**Data records**
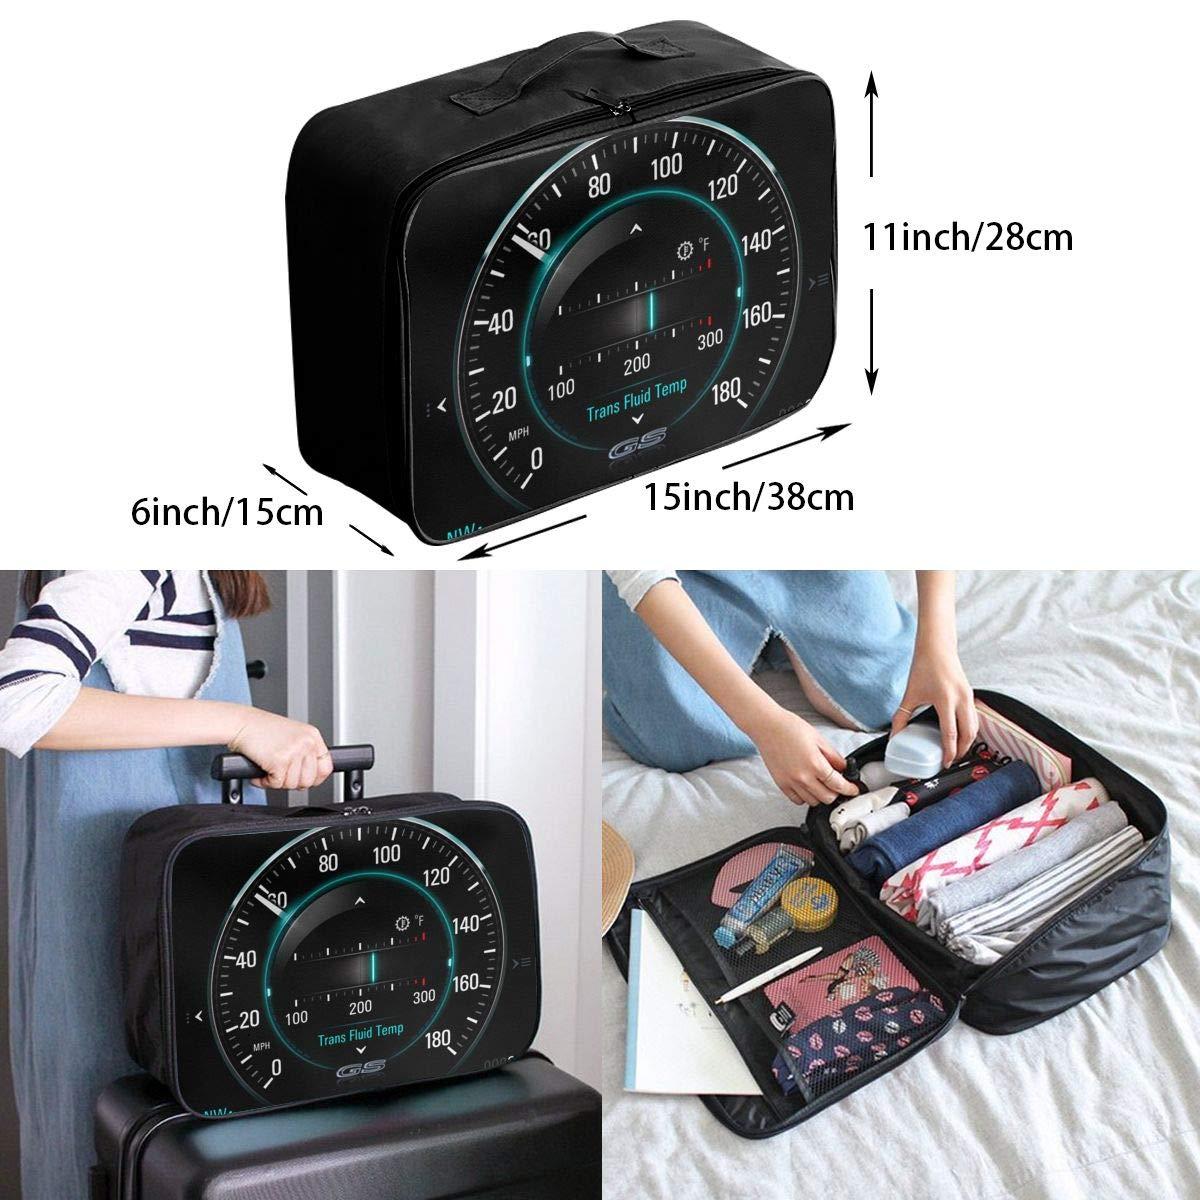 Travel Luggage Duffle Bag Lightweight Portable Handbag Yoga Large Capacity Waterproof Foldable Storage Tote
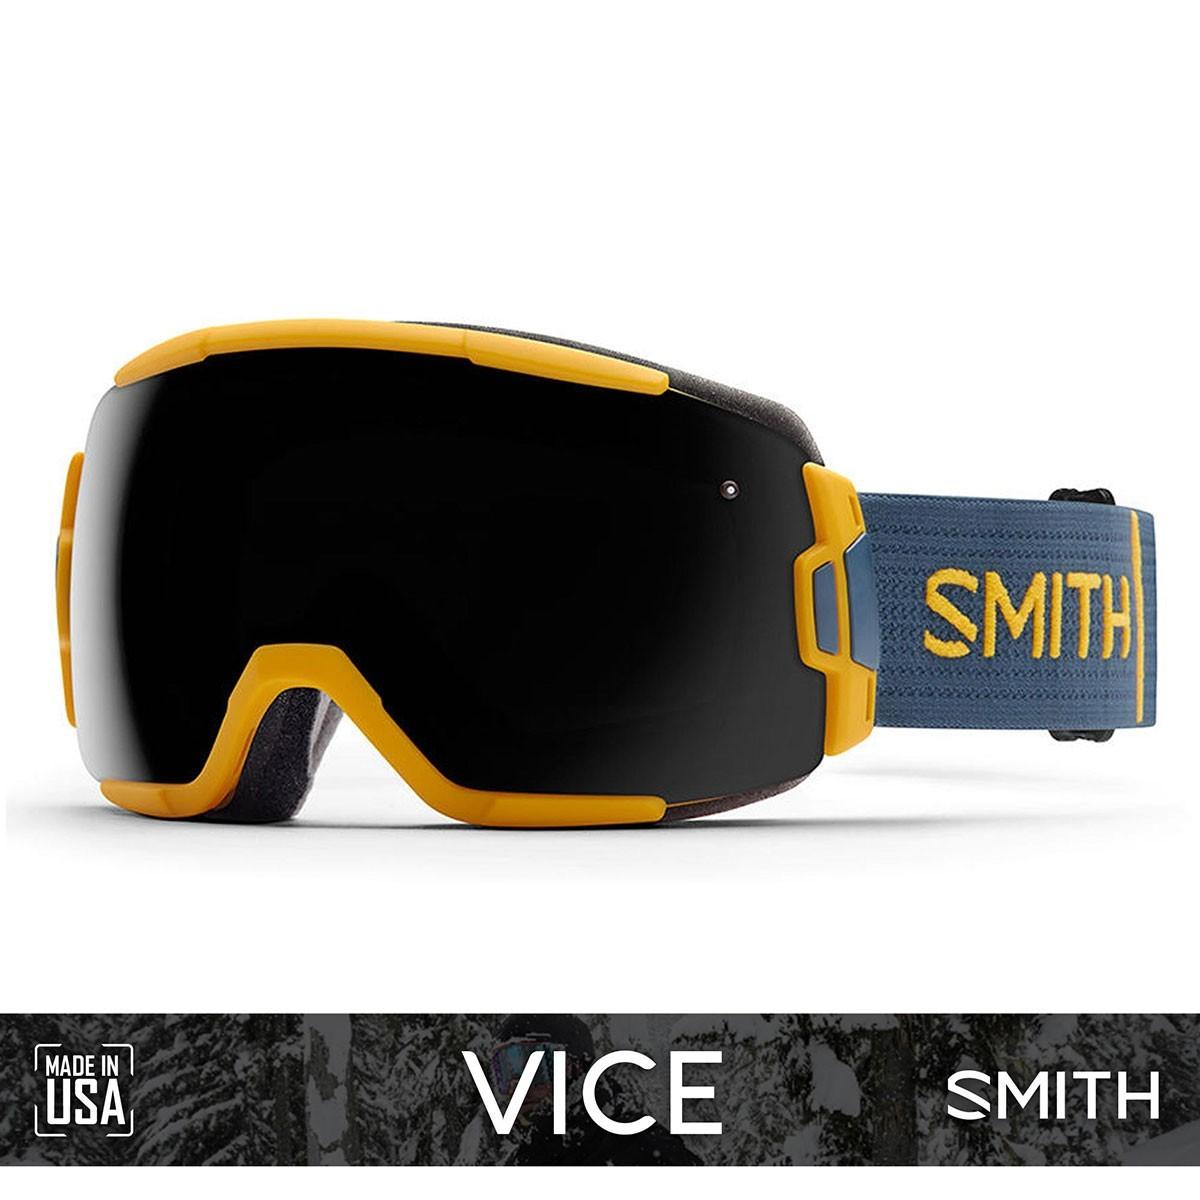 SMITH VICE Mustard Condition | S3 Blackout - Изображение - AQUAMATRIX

...

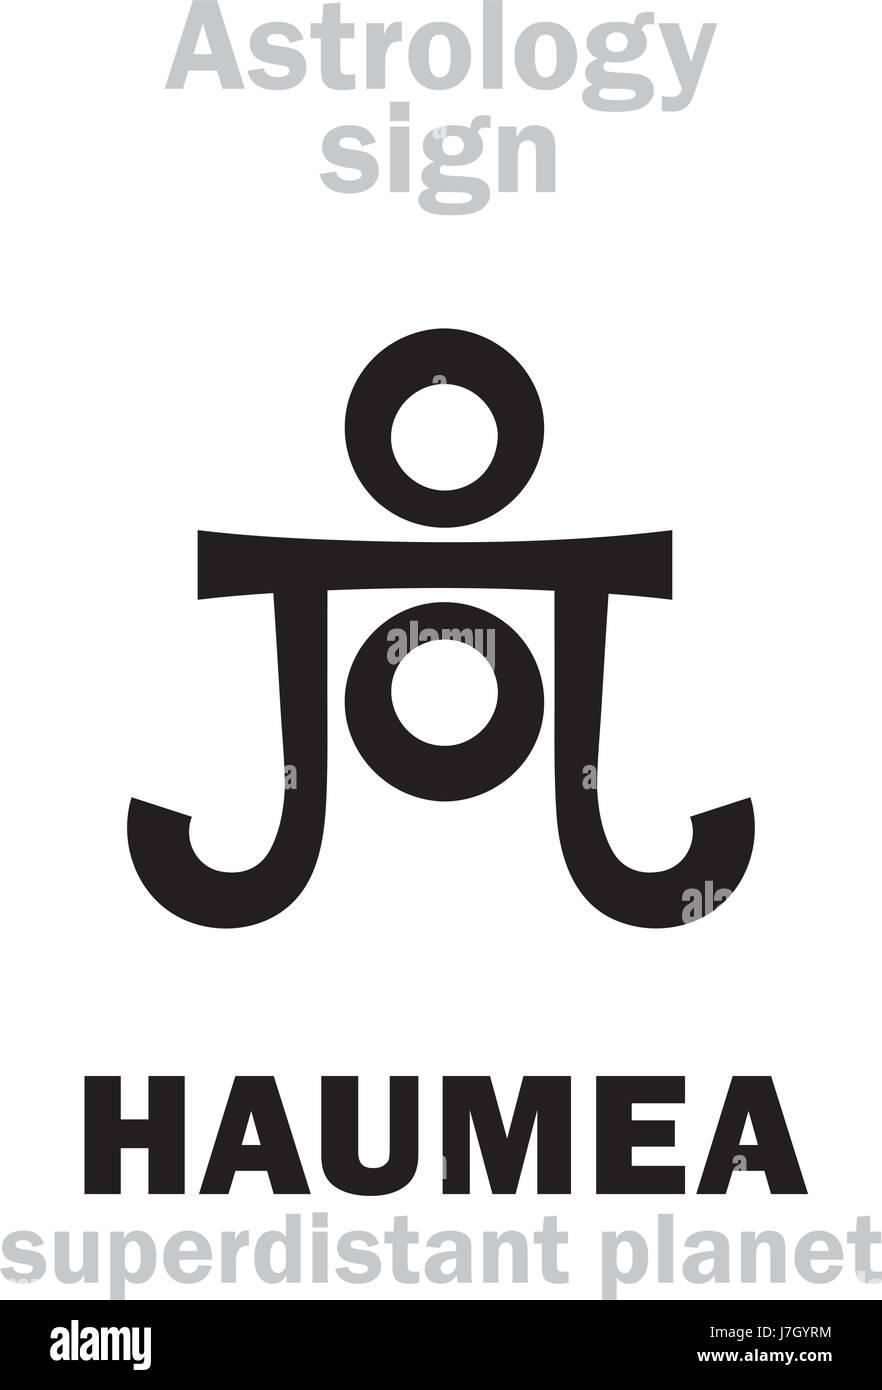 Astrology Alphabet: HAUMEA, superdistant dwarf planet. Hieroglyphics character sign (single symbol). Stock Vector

**Action item**
Output only the lines above from the line that holds "Travel Luggage Duffle" through the line that holds "SMITH VICE Mustard", both ends included, and exclude pictures.

**Response to the task**
 Travel Luggage Duffle Bag Lightweight Portable Handbag Yoga Large Capacity Waterproof Foldable Storage Tote
 SMITH VICE Mustard Condition | S3 Blackout - Изображение - AQUAMATRIX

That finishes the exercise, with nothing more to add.